I do hope, that even as a minor consideration, making Creole help for these case would be useful. To achieve that, it is essential that Creole can be used as Creole-only markup, with all Wiki-specific stuff moved into a Creole-defined extension mechanism.

The real problem is the need to escape so much "normal" usage of Wiki-specific characters in normal text. If the native wiki markup is on, the full set of this markup has to be analyzed, and all text conflicting with this properly escaped. Unfortunately, the assumptions that Wiki markup does not occur in normal text are, in my experience very optimistic.

If on the other hand, I had a generic extension-box, say "", then I could use Wiki-specific features inside this box. Of course, moving content would require to migrate the features inside the extension box, but it would not affect the rest of the text (deescaping, escaping).

Gregor, 2007-02-26


As for wiki engine interoperability, I see one possibility as being able to have a converter for each wiki engine to Creole. Then, you would, of course, lose the advanced formatting options of that particular wiki engine, but you would then have the freedom to move with that converted Creole to another engine which supports Creole, if you so choose. In any case, I don't see this as coming any time soon, but it is a possibility in the future of wikis and freedom of moving to another engine.

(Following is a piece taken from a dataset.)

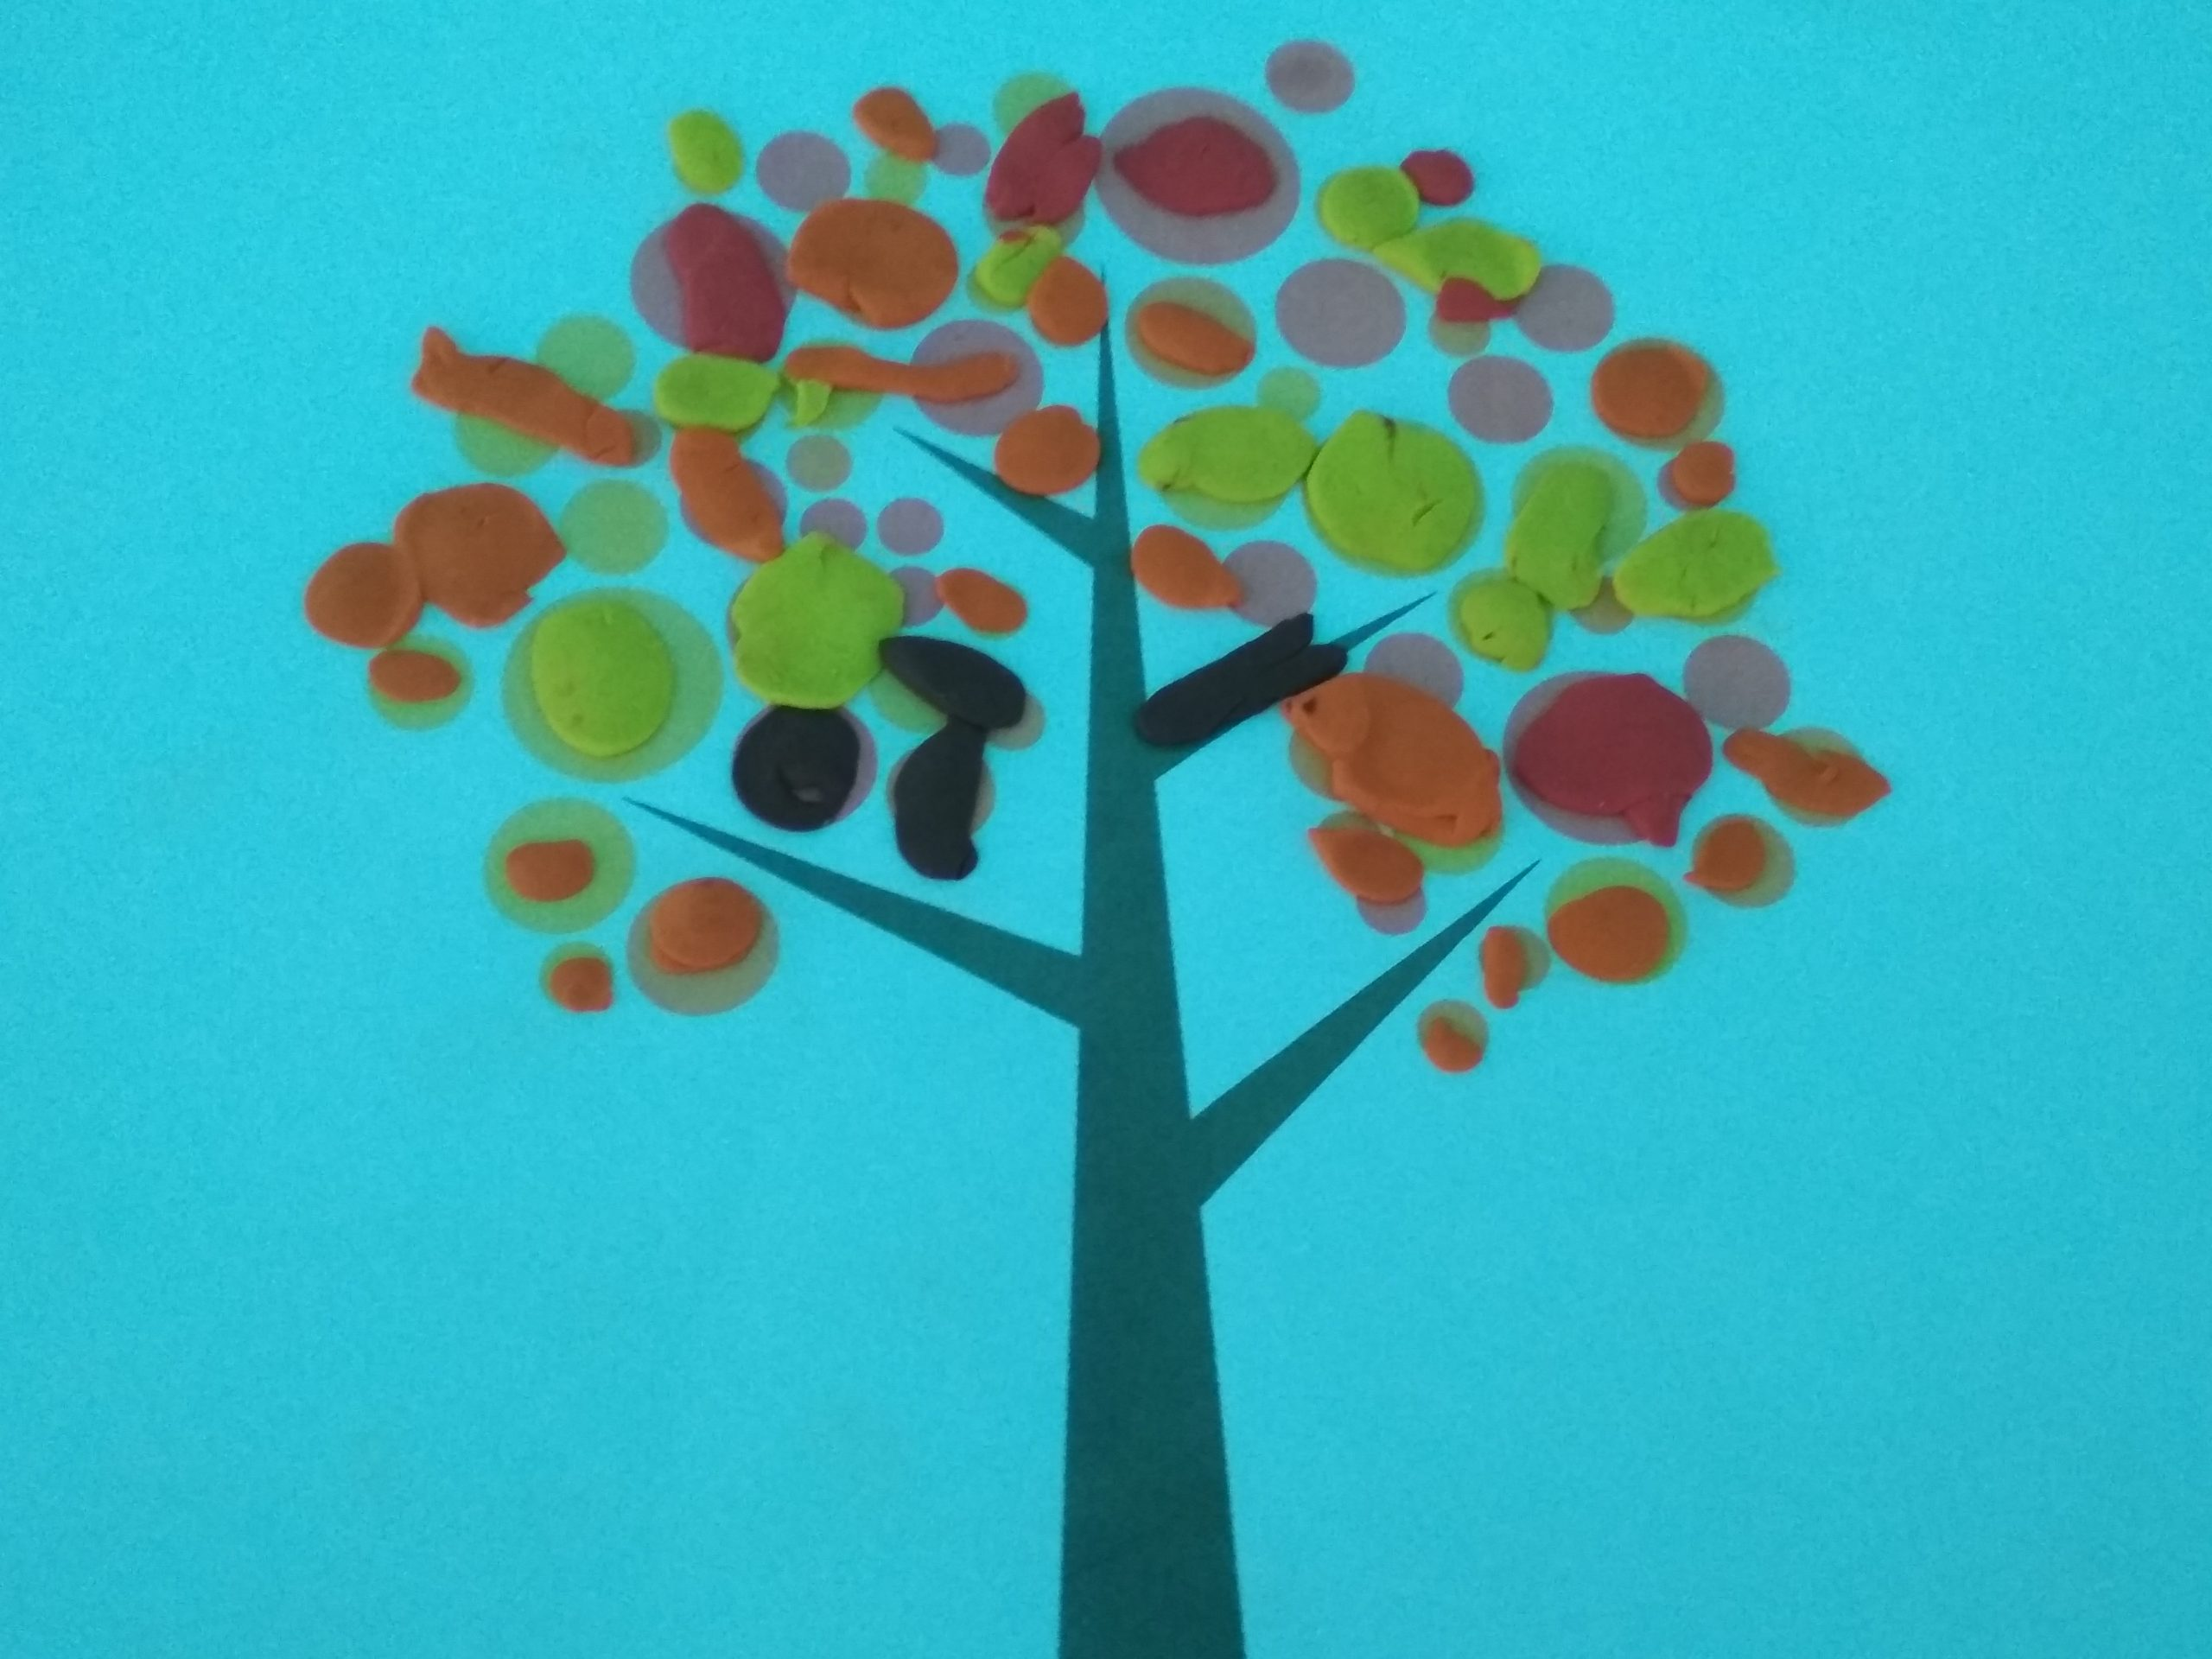 Jesienne drzewa 23.09.2021
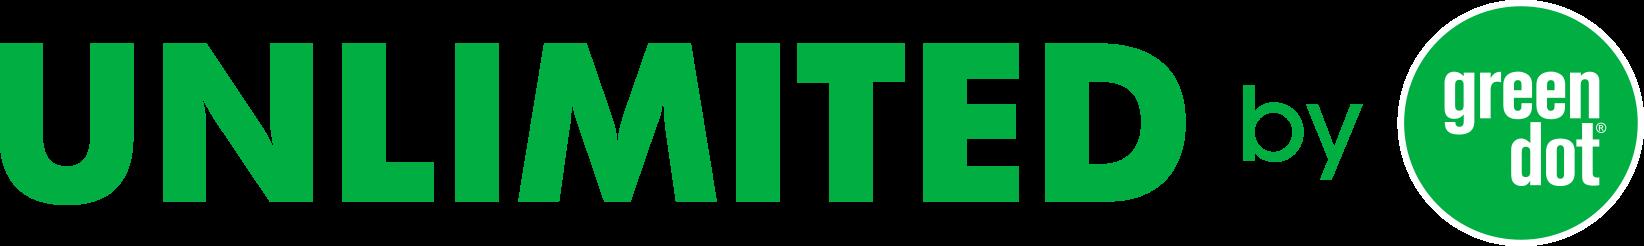 Green Dot - Unlimited Cash Back Mobile Account & Debit Cards

Now it's virtually impossible to move from one wiki engine to another, because you'd have to convert from one type to another and the likelihood, for example, of a Trac wiki syntax converter to a DokuWiki syntax converter is very low.

-- Chuck Smith, 2007-Mar-07

Chuck, do you agree that it is worth define a Creole-extension element, allowing Wikis to support the things they need or want (dynamic plugins, special markup, etc.) inside this? My worry is that if Wikis cannot support a Creole-only mode, then the escaping (and de-escaping) of all the Creole plus Wiki-specific markup rules becomes a nightmare.

-- Gregor

Could you describe in more detail (perhaps with an example) of what you mean? From how I see it, this is clearly covered by Extensible By Omission. It seems to me if someone were to convert a wiki with non-Creole elements to Creole, one would have to somehow translate them to Creole or at least to Creole Additions. I'm not sure I'm making myself clear here, but I think after seeing an example of what you're referring to, I will be able to better answer you.

-- Chuck Smith, 2007-Mar-07

Thanks Chuck, I have added talk to Extensible By Omission, that I hope makes my point clearer. I agree with the extensibility in part -- the real problem is the escaping of things that used to be literal, and now have special meaning. My main concern in the discussion above is, that without something like Generic Extension Element Proposal it will not be possible to have optionally have Creole-only wikis, and that means that the set that has to be analyzed when changing software -- sometimes even wiki version or creole 0.5 to 1.0 -- is the superset of the native wiki markup plus creole markup. Anything that occurs in either, has first to be escaped where occurring in normal text. And later de-escaped, before reescaping for a different superset on another wiki. Generic Extension Element Proposal fixes this in my mind to a very large degree. It will not force anything on developers, but is suggests a standard way to solve the problem I am describing.